Emit final (optimized) Intermediate Representation (IR):

./target/debug/dis86 --config <your_config.bsl> --binary <raw_text_segment> --name <function_name> --emit-ir-final <output-file>

Visualize the control-flow graph with graphviz:

./target/debug/dis86 --config <your_config.bsl> --binary <raw_text_segment> --name <function_name> --emit-graph /tmp/ctrlflow.dot
dot -Tpng /tmp/ctrlflow.dot > /tmp/control_flow_graph.png
open /tmp/control_flow_graph.png

Emit inferred higher-level control-flow structure:

./target/debug/dis86 --config <your_config.bsl> --binary <raw_text_segment> --name <function_name> --emit-ctrlflow <output-file>

Emit an Abstract Syntax Tree (AST):

./target/debug/dis86 --config <your_config.bsl> --binary <raw_text_segment> --name <function_name> --emit-ast <output-file>

Emit C code:

./target/debug/dis86 --config <your_config.bsl> --binary <raw_text_segment> --name <function_name> --emit-code <output-file>

Caveats & Limitations

Primary development goal is to support an ongoing reverse-engineering and reimplementation project. The decompiler is also designed to emit code that integrates well with a hybrid runtime system (called Hydra) that is used to run a partially-decompiled / reimplemented project. As such, uses that fall out of this scope have been unconsidered and may have numerous unknown issues.

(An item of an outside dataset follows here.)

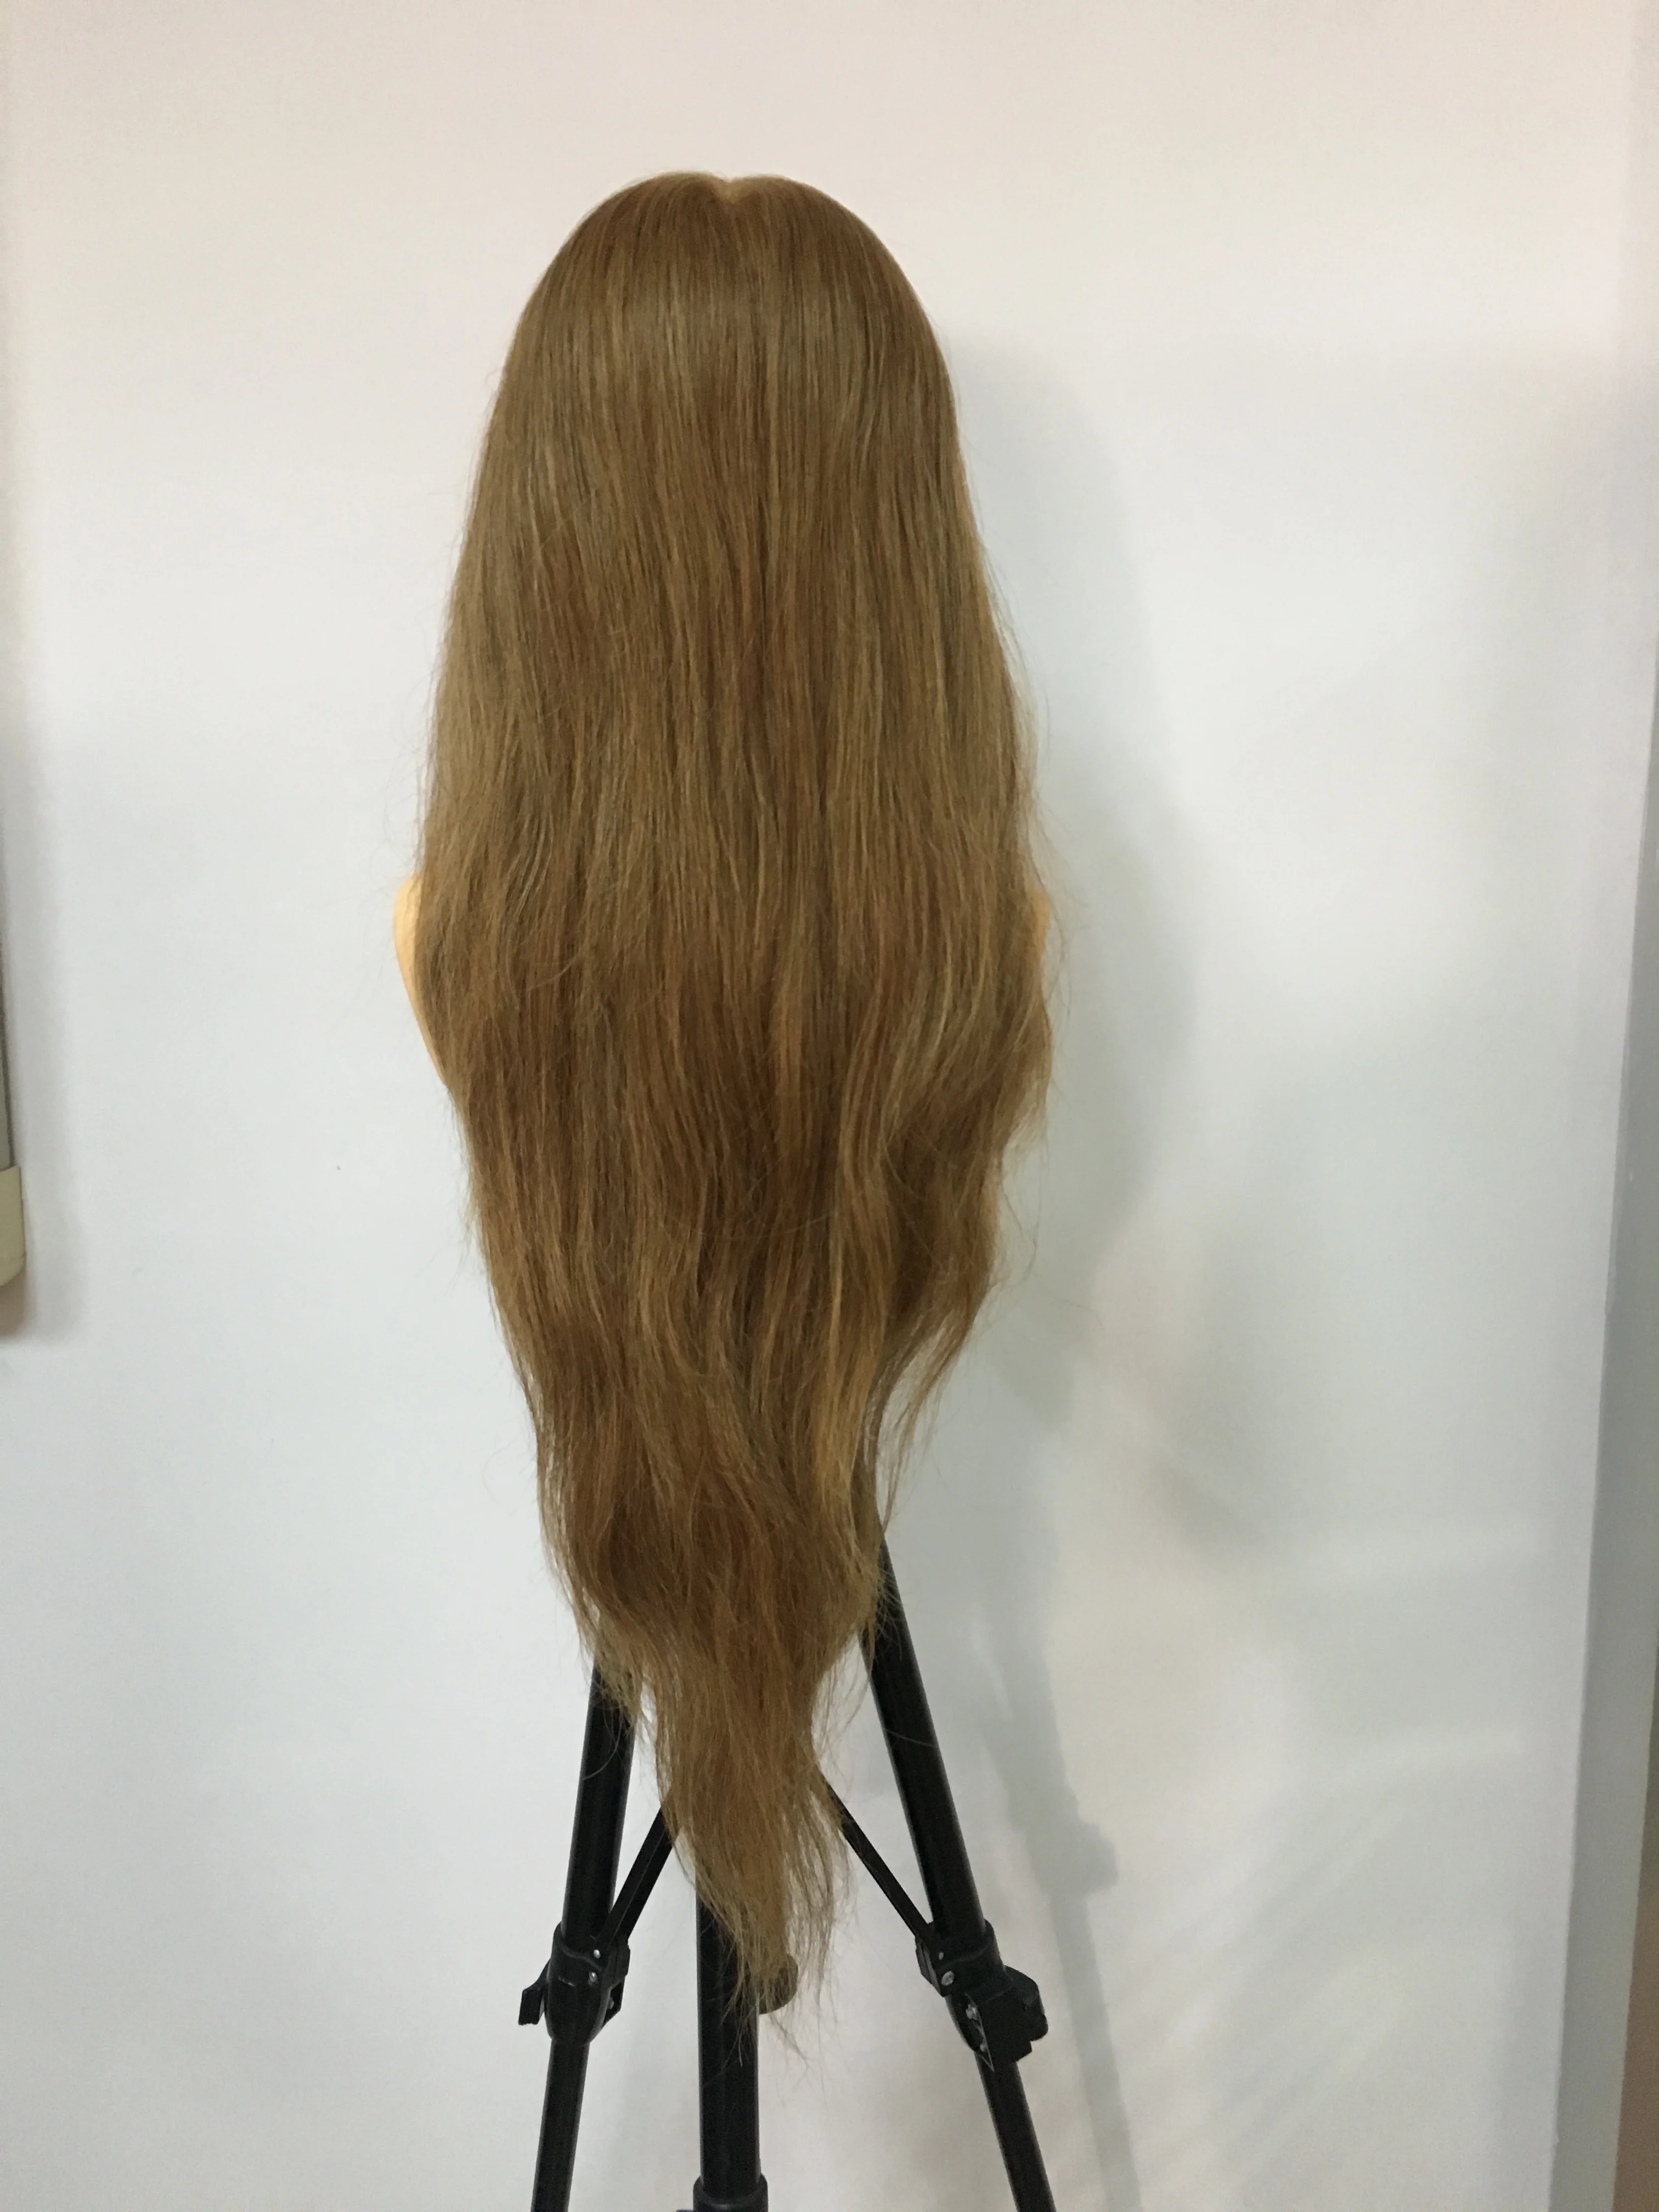 PROHAIR-60 см, 24 дюйма,, светильник для человеческих волос, коричневая голова для соревнований, манекен для парикмахерских, Кукольная голова для парикмахеров
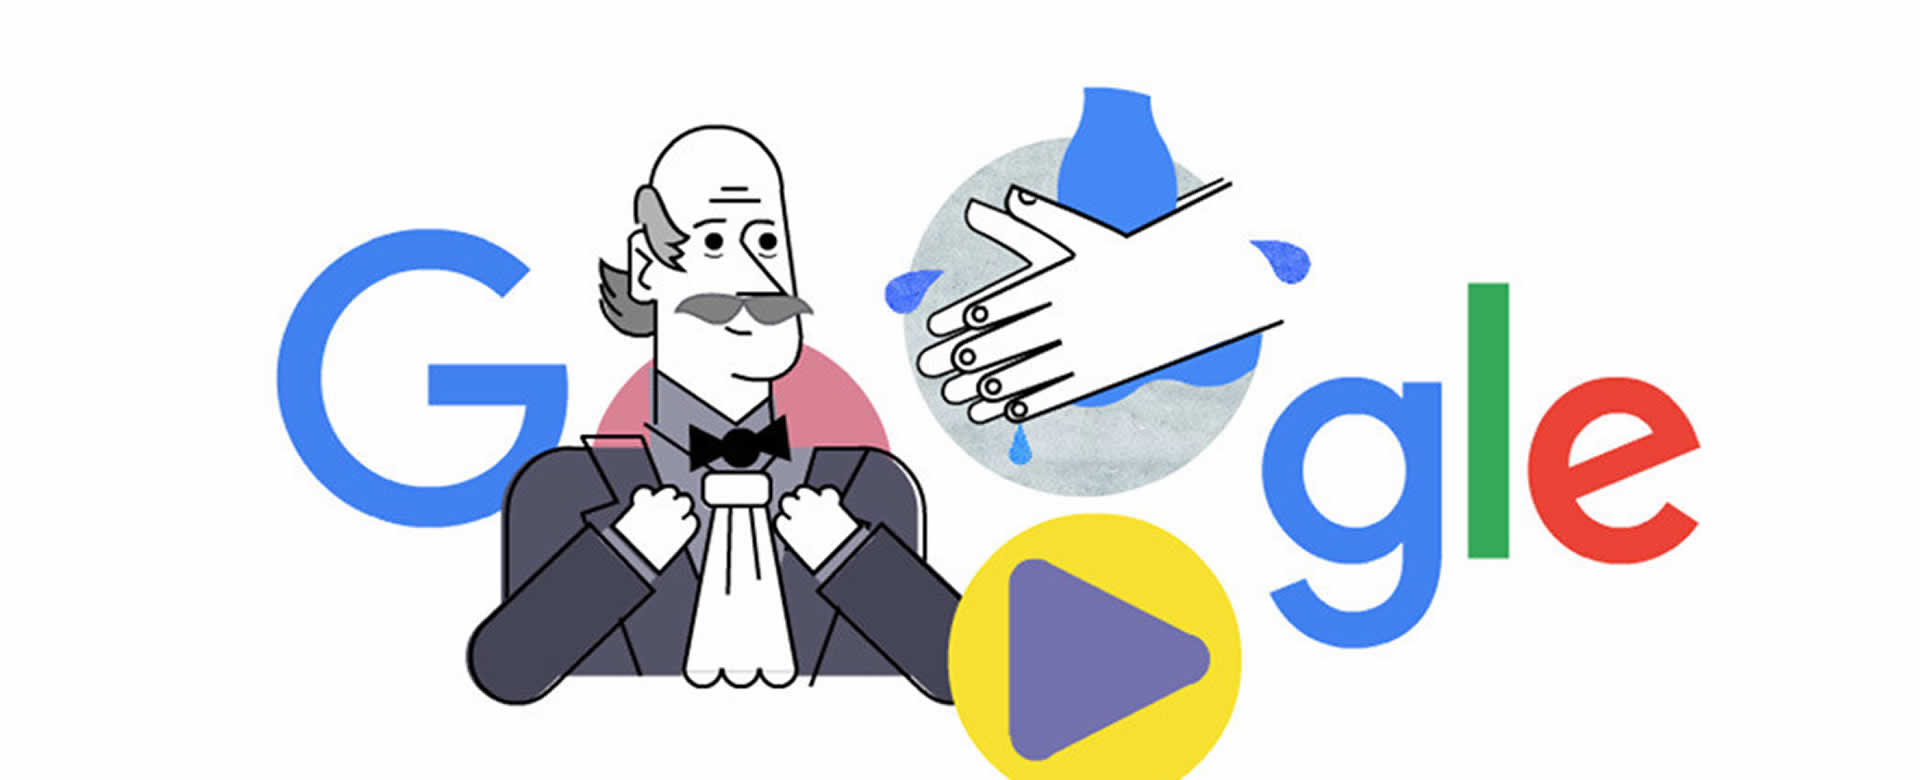 Doodle de Google muestra como lavarse las manos correctamente

Some specific known limitations:

  • The decompiler accepts only a flat binary region for the text segment. It doesn't handle common binary file-formats (e.g. MZ) at the moment.
  • Handling of many 8086 opcodes are unimplemented in the assembly->ir build step. Implementations are added as needed.
  • Handling of some IR ops are unimplemented in the ir->ast convert step. Implementations are added as needed.
  • Control-flow synthesis is limited to while-loops, if-stmts, and switch-stmts. If-else is unimplemented.
  • Block scheduling and placement is very unoptimal for more complicated control-flow.
  • ... and many more ...

Future Plans / Wishlist

Feature wishlist

  • Array accesses
  • Compound types (struct and unions)
  • Synthesizing struct/union member access
  • If-else statements
  • Pointer analysis and arithmetic
  • More "u16 pair -> u32" fusing
  • Improved type-aware IR
  • Less verbose output C code patterns for common operations (e.g. passing pointer as a function call arg)

Prehistoric versions

Dis86 began life as a simple disassembler and 1-to-1 instruction => C-statement decompiler that integrated well with the Hydra Runtime. Over time it gained complexity and it became difficult to implement more sophisticated transformations. So, it was rebuilt and rearchitected with a proper SSA IR.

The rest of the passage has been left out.